Still more reverb over Williamson, the Holocaust Denier. Some chuckleheads are demanding the Pope retire for the sin of trying to reconcile sinner with the Church. Still others are using the ocassion to spread silly lies about Ratzinger the Disciple of Hitler and all the usual rot. On the other end of the spectrum, the smell of Jew-hatred in the air has brought out the usual small but vocal cadre of kooks in tinfoil hats with the “HoloHoax” rhetoric.
Also, linked to it are the people with more current agendas who seem to have no power to decouple the question of the Holocaust from the present actions of the State of Israel. On the one hand, you get the people for whom Israel can do no wrong who are sometimes rather quick to link any criticism of Israel with the Holocaust. Having been informed on several ocassions that any–and I mean *any*— critique of Israelis makes you vehemently suspect of wishing for the destruction of Israel, I can appreciate the fatigue which can set in when the Holocaust is endlessly wielded as a club with which to smash the skulls of people who have real difficulties of conscience with Israeli violations of Just War doctrine–or jiggle ads.
But just as the reality of the Holocaust does not automatically anoint Israel as sinless and immaculate, so the sins of Israel do not justify the kooky denial of the abundantly documented murder of millions of people. Those who do indulge in this denial are, I think, guilty of the assassination of memory and in grave danger of what Jesus warns about in his sermon on the mount: “You have heard that it was said to the men of old, ‘You shall not kill; and whoever kills shall be liable to judgment.’ But I say to you that every one who is angry with his brother shall be liable to judgment; whoever insults his brother shall be liable to the council, and whoever says, ‘You fool!’ shall be liable to the hell of fire.”
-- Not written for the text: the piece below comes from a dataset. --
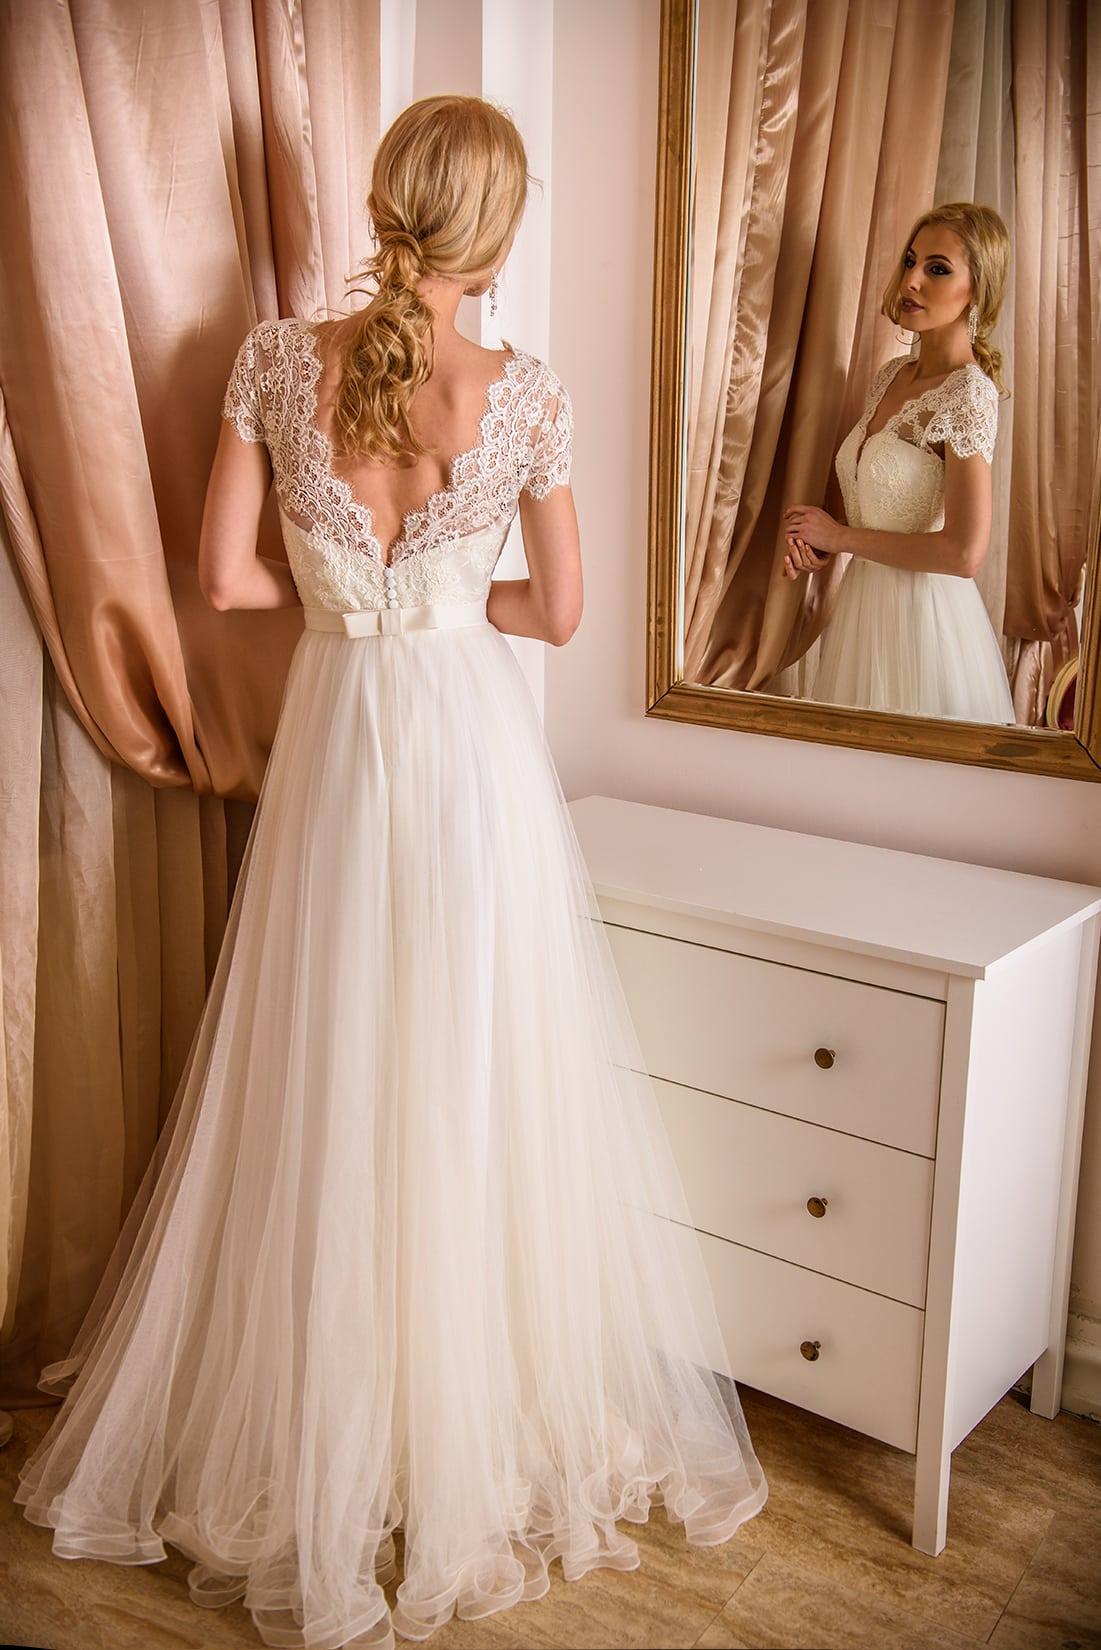 Nika Model - Colectia Baroque - Adora Sposa (3)

We kill in our hearts as well as with our hands. The assassins of memory mean to erase from existence all the rapes, all the murders, all the thousands of children gassed, or slowly strangling on a rope because they were too small for the noose to break their necks. All the families standing naked and then cut down like cordwood. All the victims of experimentation. All the roomsfull of corpses packed against the door, struggling to escape the Zyklon B. Of all that, they mean to say “Those people never existed.” The goal is to do more than kill them: it is to leave them without memory in this world, to kill them a second time if it were possible. If that’s not participating in murder from the heart, I don’t know what is. Such people stand, I believe, in grave danger of the fires of hell, if our Lord’s words mean anything.
But, at the same time, we cannot appoint ourselves as judges claiming to know their destiny and we emphatically cannot declare (as one person did yesterday): “To trivialise the scope of such an atrocity the way Williamson does is a sin of such gravity that his carcass deserves no forgiveness.”
That’s not because Williamson *does* deserve forgiveness, it’s because *nobody* deserves forgiveness. Forgiveness is, by its nature, an act of mercy bestowed in creatures who do not deserve it. So, to say, “Forgiveness has to be earned, it requires concrete, reconciliatory actions and gestures on the part of those who’ve erred” is to profoundly misunderstand the entire meaning of the gospel in just about the deepest way it can be understood.
For forgiveness *cannot* be earned. That is absolutely impossible. Forgiveness of sins is *entirely* the gift of God. Indeed, our very ability to receive it is a gift of God. The real picture of forgiveness is not of Williamson crawling up to some Holocaust survivor and groveling sufficient so as to “earn” forgiveness. It is of Jesus Christ, nailed to a cross for absolutely no reason whatsoever but the perverse malice the twisted race of naked apes that stands jeering at him, and saying “Forgive them.” Paul really sums it up when he says, “God commends his own love to his in that, while we were yet sinners, Christ died for us.” Forgiveness is extended, unilaterally and without condition, to the very people who labored to nail him to the cross. We are obliged to do the same, which is why Jesus tells us “whenever you stand praying, forgive, if you have anything against any one; so that your Father also who is in heaven may forgive you your trespasses” (Mark 11:25).
“Anything against anyone”. That’s a tall order and can only be done by the grace of God.
So am I saying “La di dah! Williamson’s off the hook!” Of course not, if Williamson is to benefit from the mercy extended him by God and those he has wronged, he has to receive it and if he refuses it, he will get what he wants: no mercy. But his actions do not determine *our* actions as disciples of Christ. We are commanded to extend forgiveness whether or not he ever receives it for any sins he has committed which touch us. We can’t wriggle out by claiming “he never sinned against me” because if we are angry at him, then his sin has affected us. We can’t wriggle out by saying that we are not bound to forgive people who don’t repent because of Jesus command in 11:25 (“anyone, anything”) and because the biblical model is so obvious. Both our Lord and Stephen forgave their impenitent murderers. We must do likewise.